The driver backed his car, but stopped when his car came parallel to mine and rolled down the window. He had a pair of yellow tickets in his hand.
“Good seats, man. Third row. Orantes against that Filipino bastard. Gonna bust him good.”
I shook my head.
Driving off, I turned on the radio to find out what day it was. Less than twenty-four hours had passed, but I had lost immeasurable time, gone up a false trail or at best a tangential one. The disappearance of Luis Vazquez seemed to have nothing to do with Howard Eppis on the face of it. And yet . . . Howard’s path shouldn’t have been that elusive. I was annoyed at my inability to track him down. Was it an omen that I shouldn’t be looking in the first place or a sign hidden not far below the surface that I didn’t really want to? I had phoned a few old political contacts but there were lots more I could have called.
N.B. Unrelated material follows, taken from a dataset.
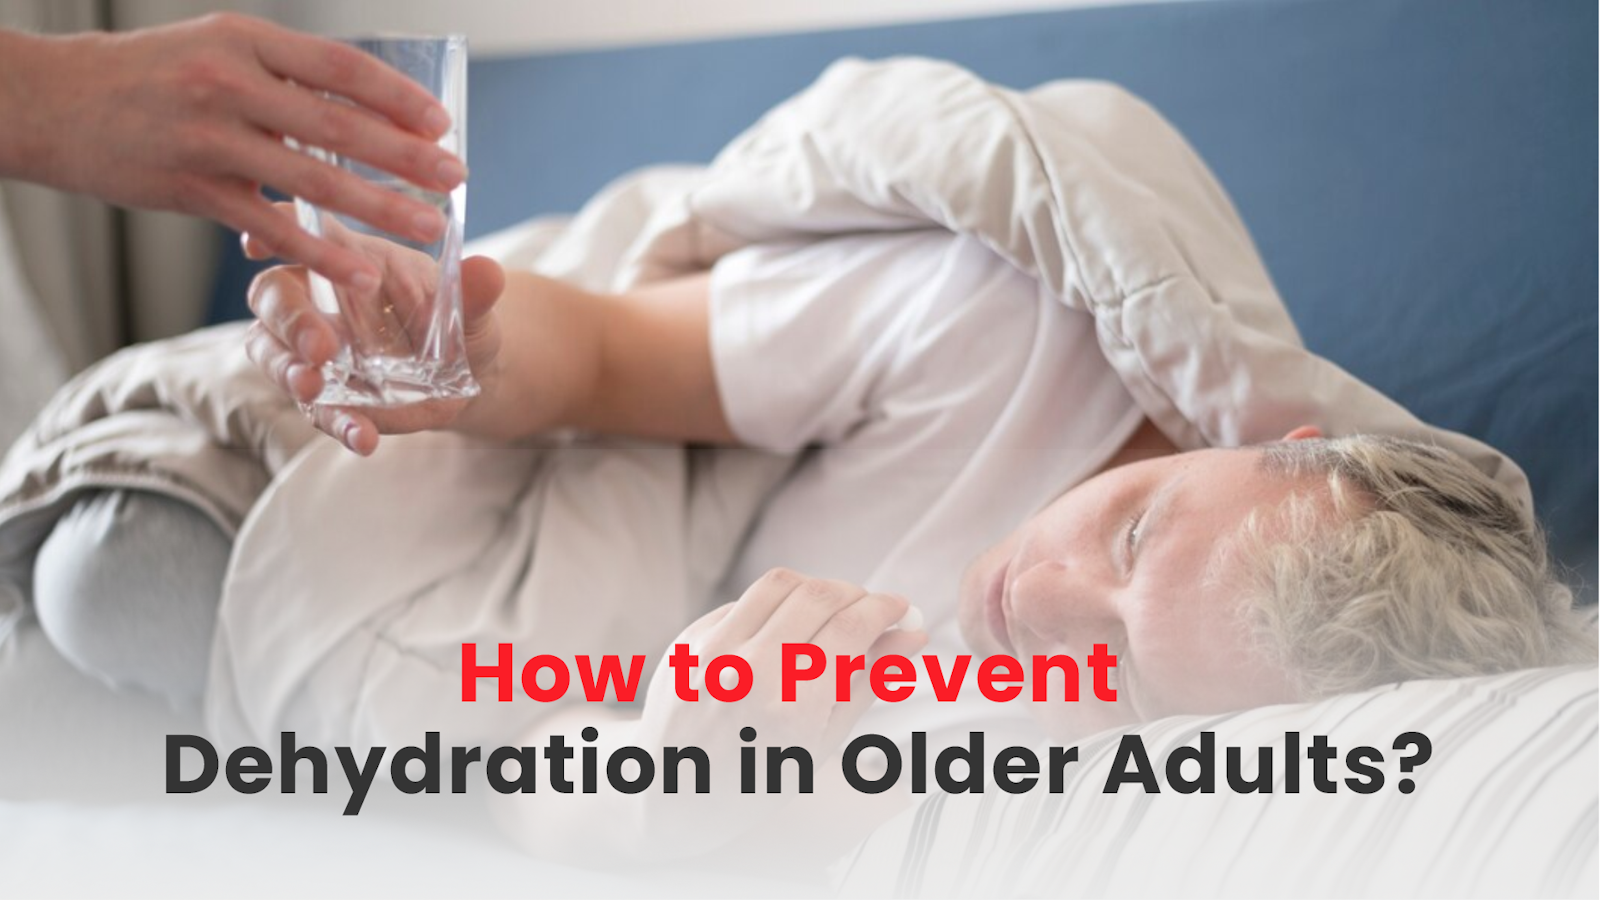 How to Prevent Dehydration in Older Adults?

Was it just that I was ashamed to tell them that I was, in Sebastian’s words, working within the system, supporting an Establishment politician? But they probably didn’t care much for Eppis either. It was hard to figure.
When I reached my house, the phone was ringing. I ran to the door, but it had stopped before I entered and I continued on into the bathroom, stooping over the sink to wash. I peeled off the gauze Alora had taped to my cheeks and cleansed the bruises with rubbing alcohol while taking a long look at myself in the mirror. What a mess. I had barely crested thirty and my face already looked like the fag end of an Italian salami. The skin on my neck was ripped around the collar and dark purple bloodstains were spattered all over the front of my denim jacket. The plumbing in my house hadn’t worked for months and I couldn’t deposit the lousy three hundred bucks from the Hawthorne campaign for fear my creditors would attach my bank account. I closed my eyes. The throbbing had not gone away. If I had only stayed in law school I wouldn’t be in this absurd condition. I’d be a nice young Jewish lawyer with a Matisse drawing on the office wall and twenty young draft dodgers as admirers. My wife wouldn’t have walked out on me for some dimwit who can stick his right toe behind his left ear and my two boys would be right down the hall every night instead of in a canyon some three freeways away. I leaned down and spit in the sink.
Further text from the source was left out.